**BRIEF:** Every line of the listing belongs in your answer exactly as written; the images do not.

**THE DATA:**

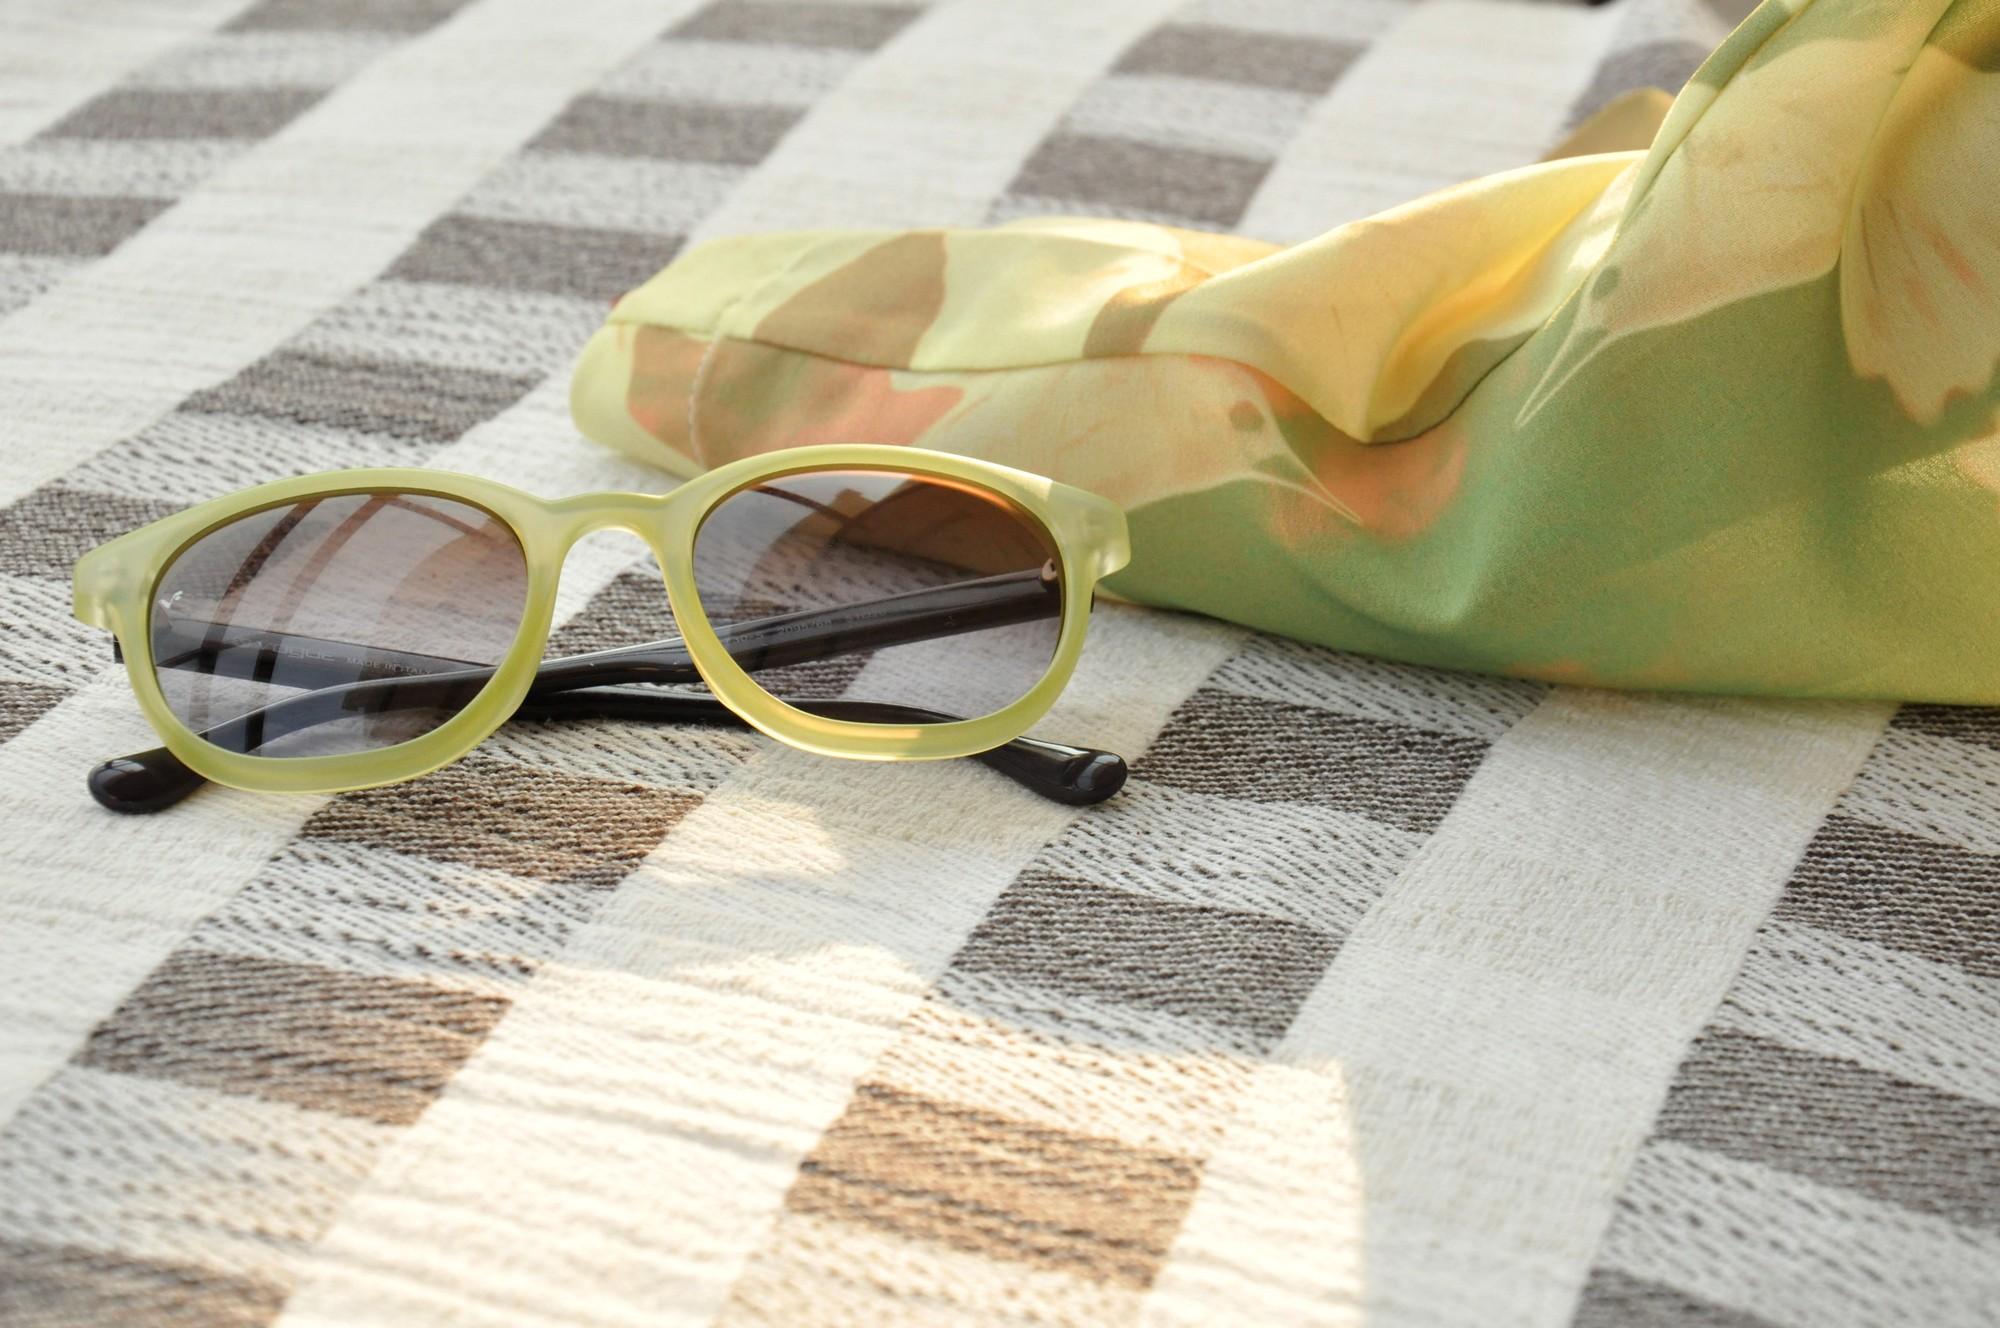 gural sapanca vogue eyewear
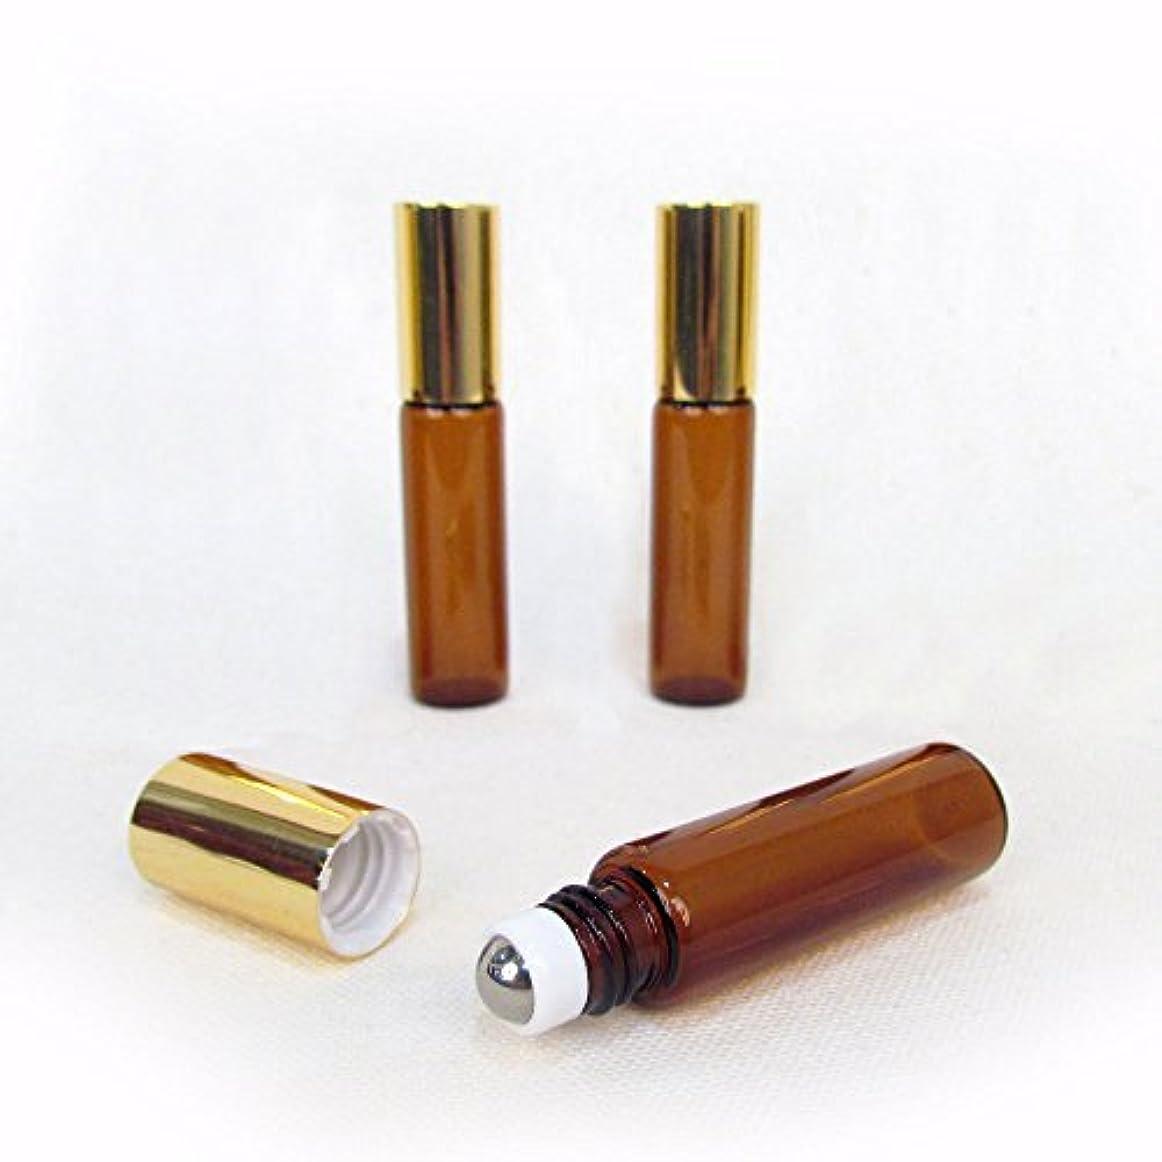 匹敵します拾う論理的にSet of 3-5ml Brown Amber Glass Roll On Bottle With Stainless Steel Ball for Essential Oils by Rivertree Life [...
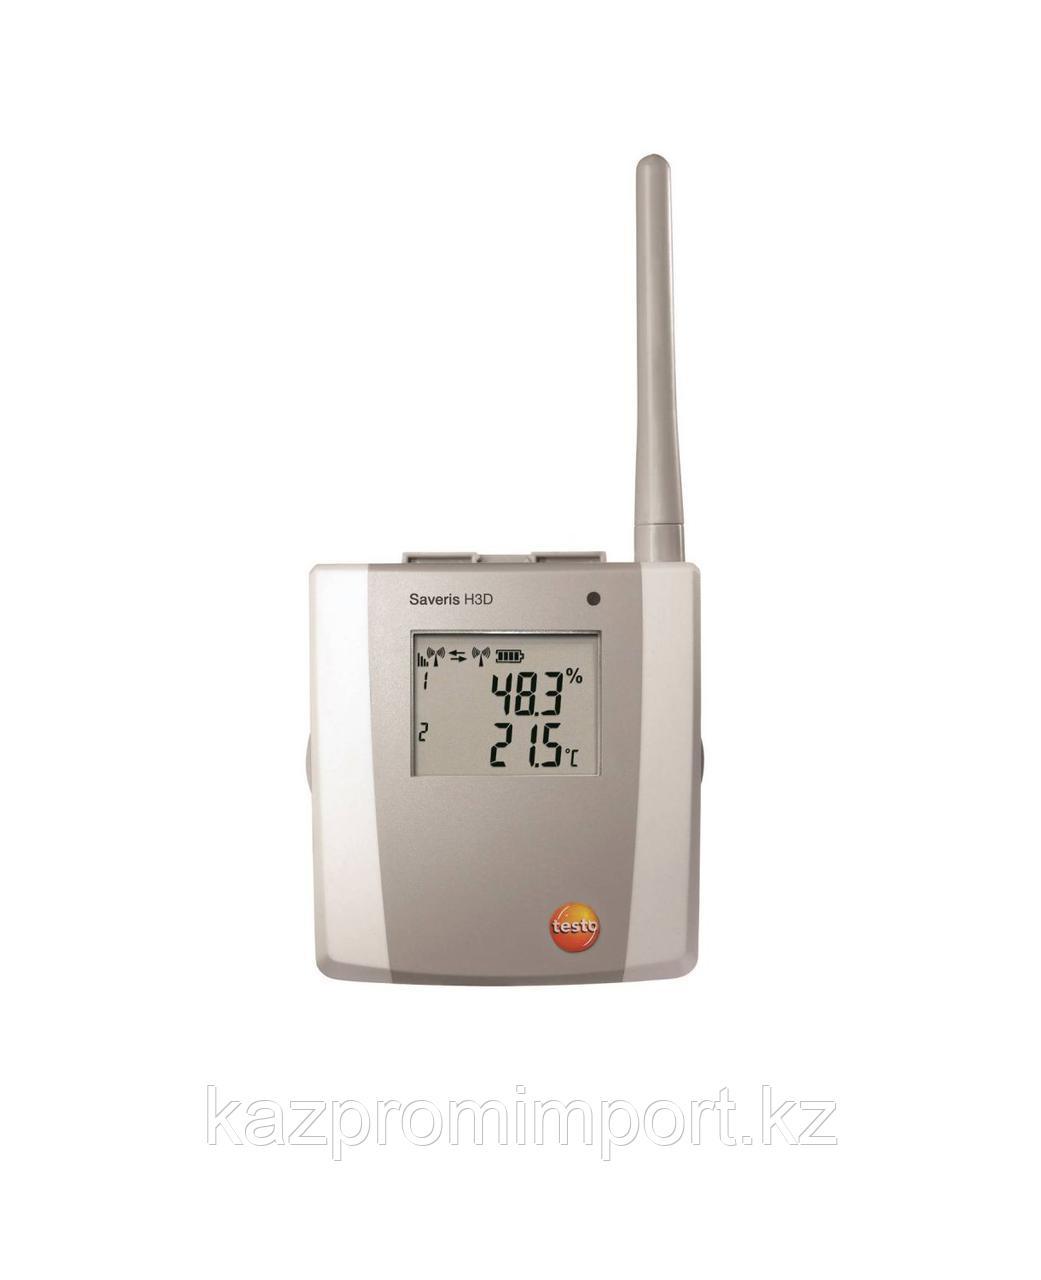 Testo Saveris H3 D - 2-х канальный радиозонд температуры/влажности, с дисплеем

**REPLY TO THE TASK:**
 gural sapanca vogue eyewear
 匹敵します拾う論理的にSet of 3-5ml Brown Amber Glass Roll On Bottle With Stainless Steel Ball for Essential Oils by Rivertree Life [...
 Testo Saveris H3 D - 2-х канальный радиозонд температуры/влажности, с дисплеем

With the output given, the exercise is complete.